The Admiral immediately crystallized the issue. “The veterans don’t know where to go to find the jobs, and the companies don’t know where to go to find the veterans.” Each year, nearly 10,000 Sailors from Hampton Roads units retire or transition from the service. Of those, the service estimates 3,000 will stay in the area. Smith says there is incredibly positive energy to seek solutions to retain and employ transitioning veterans in Hampton Roads. He also understands that the Navy is “not set up to be easy or convenient for the job market.” Smith is confident, however, of a collaborative solution to help both sides find each other and is a champion of the effort.
Smith knows the process can be better, desiring to see the transition programs maintain pace with the fast changing business world, especially since most veterans will wind up working at small businesses as opposed to large publicly traded corporations. He experiences first-hand the hundreds of organizations looking for veterans and knows that the Navy is “not set up to let them all in the door” to meet with veterans. And given the crushing op-tempo, today’s service members can’t wade through the endless number of organizations that want to help, and determine the one that’s right for them.
He knows there is a lot of goodwill out there, but believes the community needs to come together and collaborate among the many organizations, subordinating their individual interests to send the Sailor to the right place. The question isn’t “how can you not hire a vet, it’s how do you get to them.” He’s concerned that it’s a daunting task for a 23-year-old to look through two pages of websites and decide which one will help them.
So what’s the answer? The Admiral says a couple of initiatives he has seen across the country may be potential road maps for the way ahead. The single theme that emerges shows success is achieved more often in public private partnerships. And the most successful initiatives leverage existing programs while removing stovepipes, and engaging the business community to help solve the issue.
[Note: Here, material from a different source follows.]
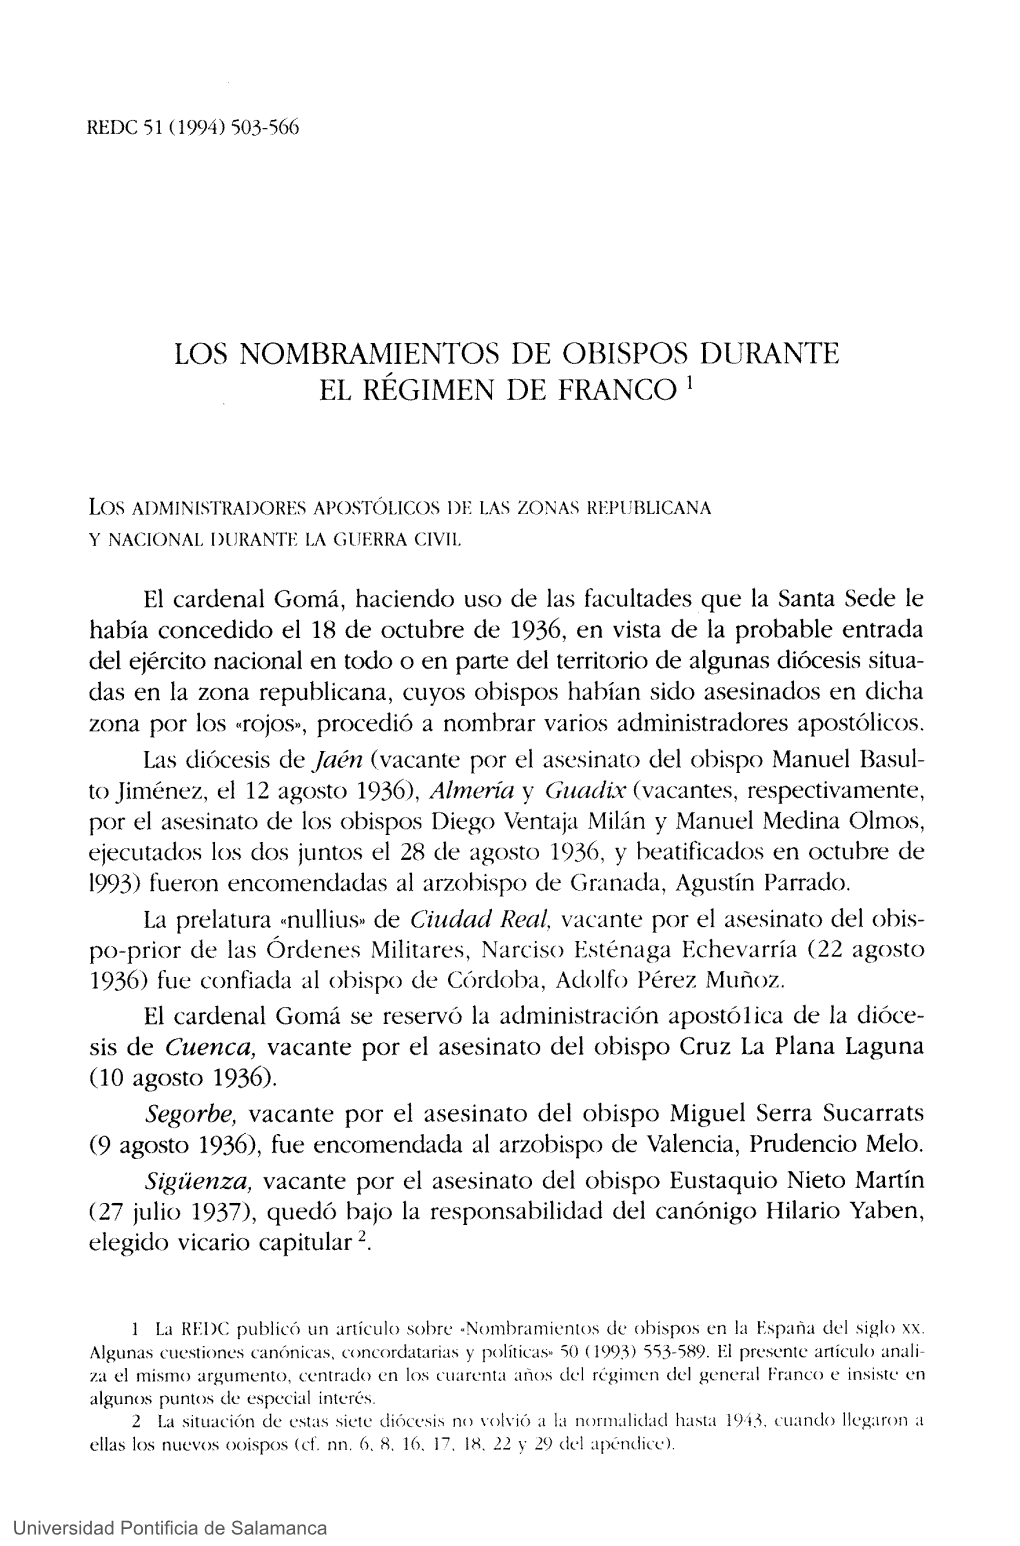 Los Nombramientos De Obispos Durante El Régimen De Franco

What can the DoD do to help veterans convert their specialty into a certification that provides a higher market value for their experience? Admiral Smith shares that the DoD has worked hard to develop the Joint Services Transcript to show equivalent credits, like the Marine Main Propulsion specialty. But not all the schools take those credits, and some of those schools are the ones the transitioning service member should be attending. While the primary transition class, called Transition GPS (Goals, Plans, Success), is becoming more robust than its predecessor, “we still have to reach that person a year before he or she gets out,” and “not the week before they go on terminal leave.” This is so they have time to make sure they have their certifications and they can figure out which industry values them. He also points to a program that recognizes the change in self-interest of a veteran. The concept addresses the fact that individuals enter the service with a healthy sense of “I” and the services replace that with the team concept of “we.” And while teamwork is important in business and the services, veterans competing for positions in the business community, often need to relearn the notion of rational self-interest.
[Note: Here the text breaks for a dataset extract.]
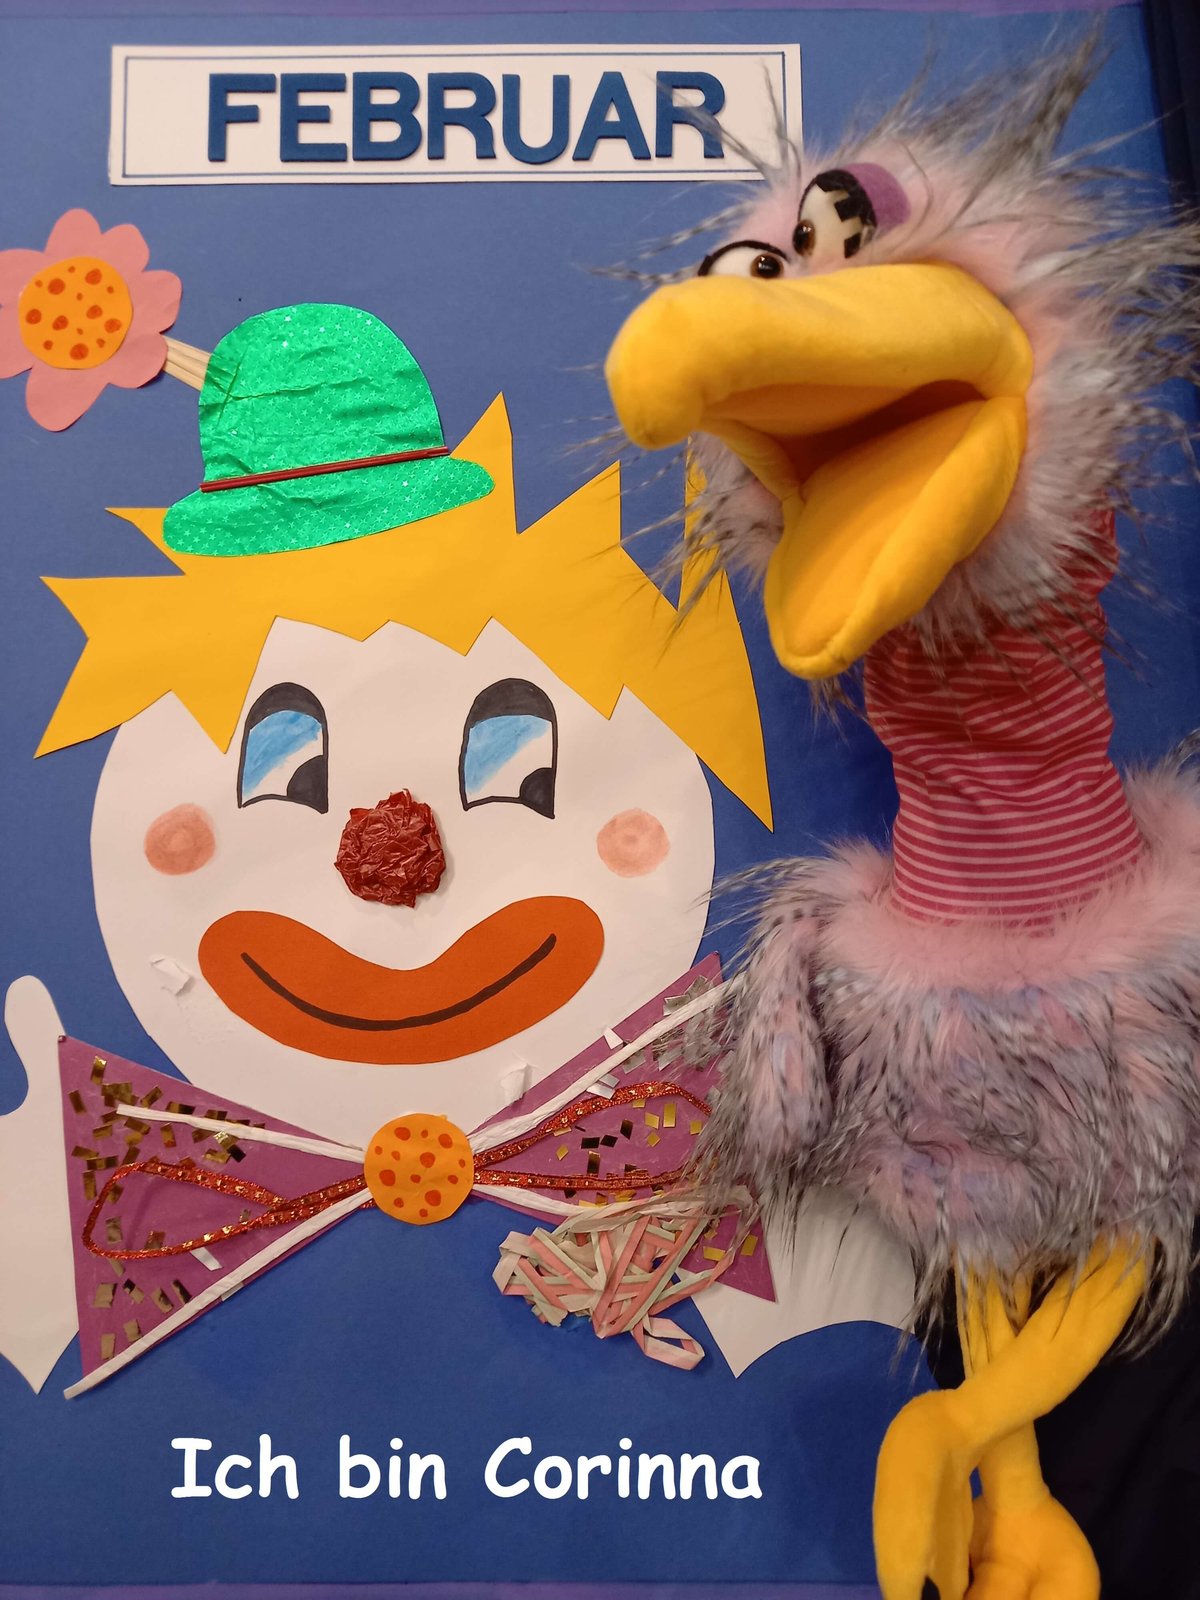 Zu sehen ist ein Faschings-Clown und eine Huhn-Handpuppe

If the VSRA could change one thing about their approach to finding veterans, Admiral Smith would advise them to look at a mentorship program. Businesses love the veteran when they meet them, and they want them to succeed. The VSRA should build personal relationships with individual Sailors and help them navigate the business world. Meet with the individual and take them to the yard and show them around. Yet he immediately recognizes the challenge with this from DoD’s perspective. For example, giving them time off on the taxpayer dollar is not an option. And he recognizes this is not a wholesale solution, it’s an individual solution.
Admiral Smith said improving the odds of transitioning service members and the Hampton Roads business community finding each other “is a tough nut to crack. If it was easy we would have already solved it. We know [veterans] will be valuable to any business. We need to eliminate the stovepipes, put down our individual interests and do this as a group, because otherwise it’s too confusing of a world, and [the service members] don’t know where to go, and don’t know where to start.”
Marcus Boggs is a government contract specialist with Wells Fargo Bank in Norfolk.